Sections that can be omitted: - General coding principles (agents already know these) - Detailed tool usage instructions (extract into skill files) - Frequently changing information (move to the memory layer)
5. Separating the Skill System from CLAUDE.md
Embedding procedural steps (step 1, step 2, step 3...) in CLAUDE.md loads them unnecessarily every session. Procedural task instructions belong in skill files.
.claude/
└── skills/
├── research/SKILL.md # research procedure
├── compile/SKILL.md # source file authoring procedure
└── verify/SKILL.md # fact-check procedure
CLAUDE.md retains only trigger keywords and skill paths:
## Skill Trigger System
| Keyword | Skill | Path |
|---|---|---|
| research, investigate | research | .claude/skills/research/SKILL.md |
| verify, fact-check | verify | .claude/skills/verify/SKILL.md |
This separation keeps CLAUDE.md to "what" and "why," while skills carry the "how." Context efficiency improves, and skills can be modified or reused independently.
6. Anti-Patterns — What Not to Do
Anti-pattern 1: The monolithic CLAUDE.md
Cramming all knowledge, all rules, and all examples into one file. Beyond 500 lines, agents begin discounting the latter sections. CLAUDE.md loads at the top of context, but excessive length pushes it down as the conversation grows.
Anti-pattern 2: Emotional instructions
This is really important, please make sure to follow it!!!
Exclamation marks and emphasis have no effect. Structural language such as "strictly prohibited" is more reliable.
Anti-pattern 3: Leaving conflicting rules unresolved
Writing "minimize token usage" alongside "read all relevant files" without providing a tiebreaker. The agent makes a different choice each session.

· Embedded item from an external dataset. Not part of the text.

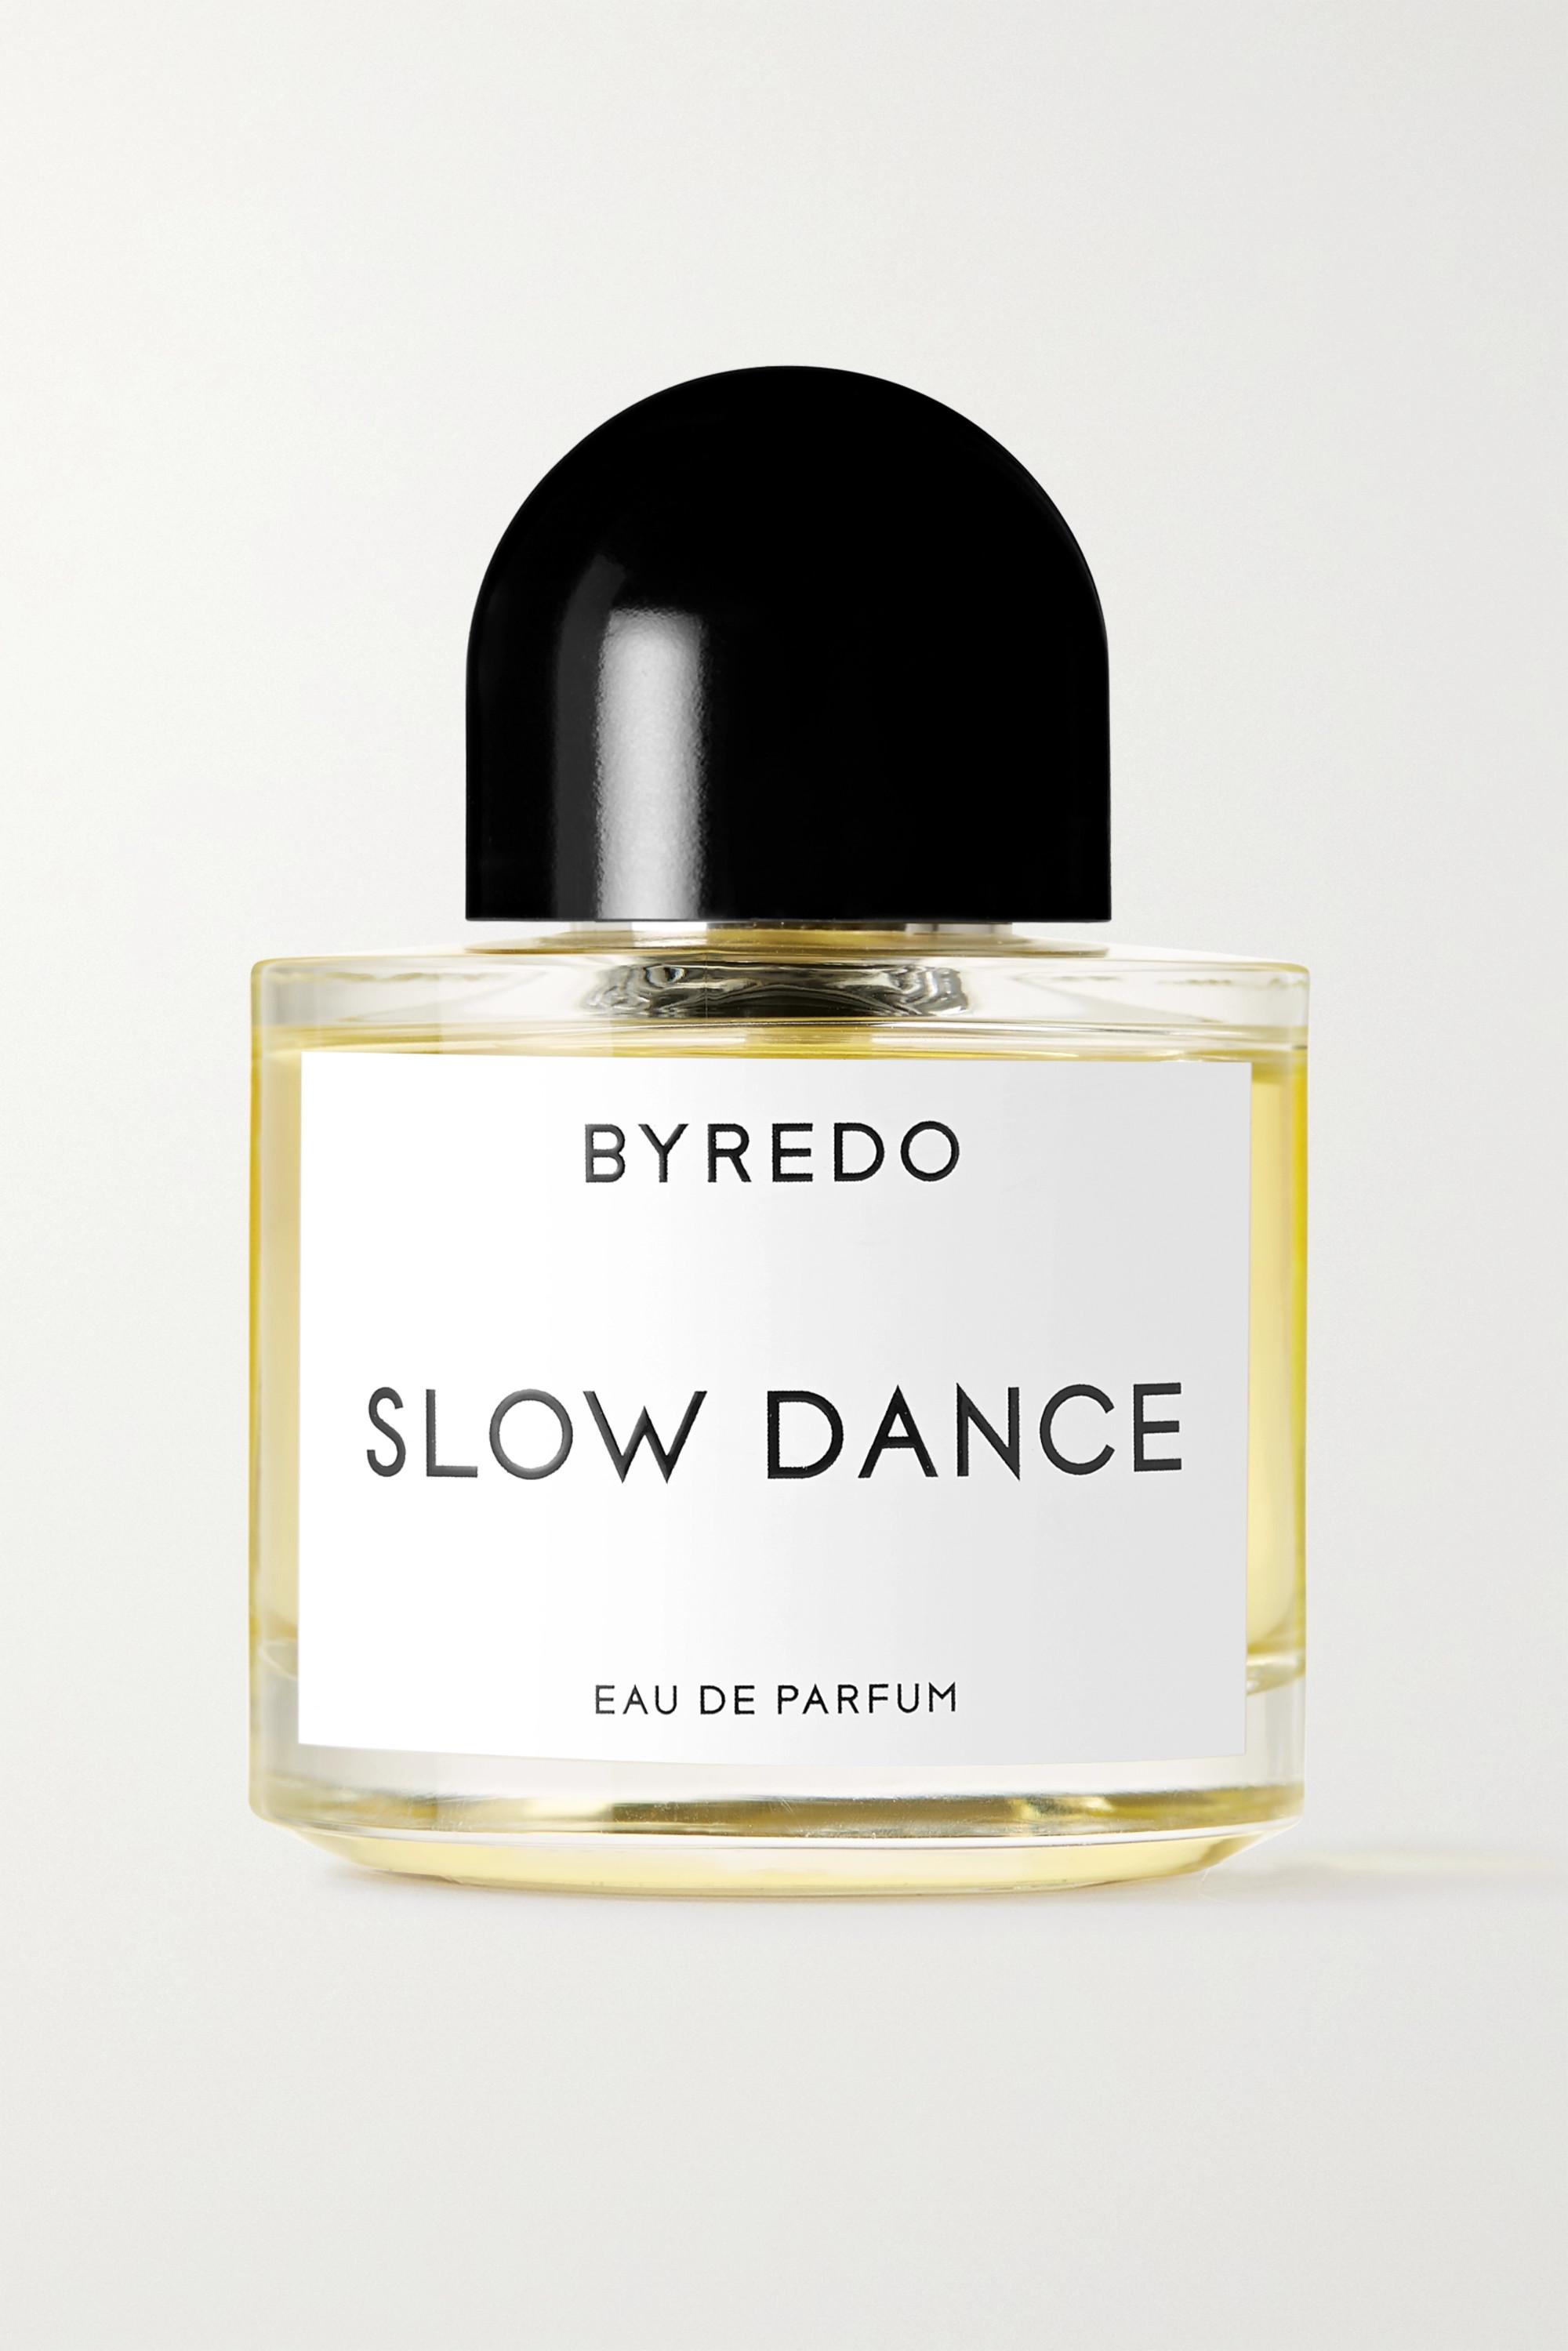 Byredo Slow Dance Eau de Parfum - Opoponax, Geranium & Vanilla, 50ml

Anti-pattern 4: Conflating skills with rules
Inlining procedural task instructions into CLAUDE.md. Extracting them into skill files keeps CLAUDE.md lean and ensures skills are only loaded when needed.
Design Considerations
-
Starting without a global CLAUDE.md accumulates duplication. User preferences and communication protocols get rewritten per project, and any update requires manual propagation. Sharing the global file via symlink eliminates this.
-
Removing rules is harder than adding them. To determine whether a rule is necessary, observe the agent's behavior without it. Some rules have no effect when removed — the agent already follows them by default. Delete those.
-
Ask the agent to find rule conflicts.
"Find any contradictory rule pairs in this CLAUDE.md"surfaces conflicts that human review misses. -
Do not put volatile information in CLAUDE.md. API keys, version numbers, current status — these belong in the memory layer (
tasks/sessions/,docs/). CLAUDE.md must contain only stable information.
Conclusion
CLAUDE.md is the agent's identity. Because it loads automatically every session, what is written here becomes the agent's decision framework.
A well-designed CLAUDE.md has few rules. Separate global from project, replace ambiguous instructions with clear prohibitions, extract procedures into skills, and move volatile information to memory. What remains is the core — nothing more.
"If an agent reads this file, does it fully understand its role?" — When the answer is yes, CLAUDE.md is complete.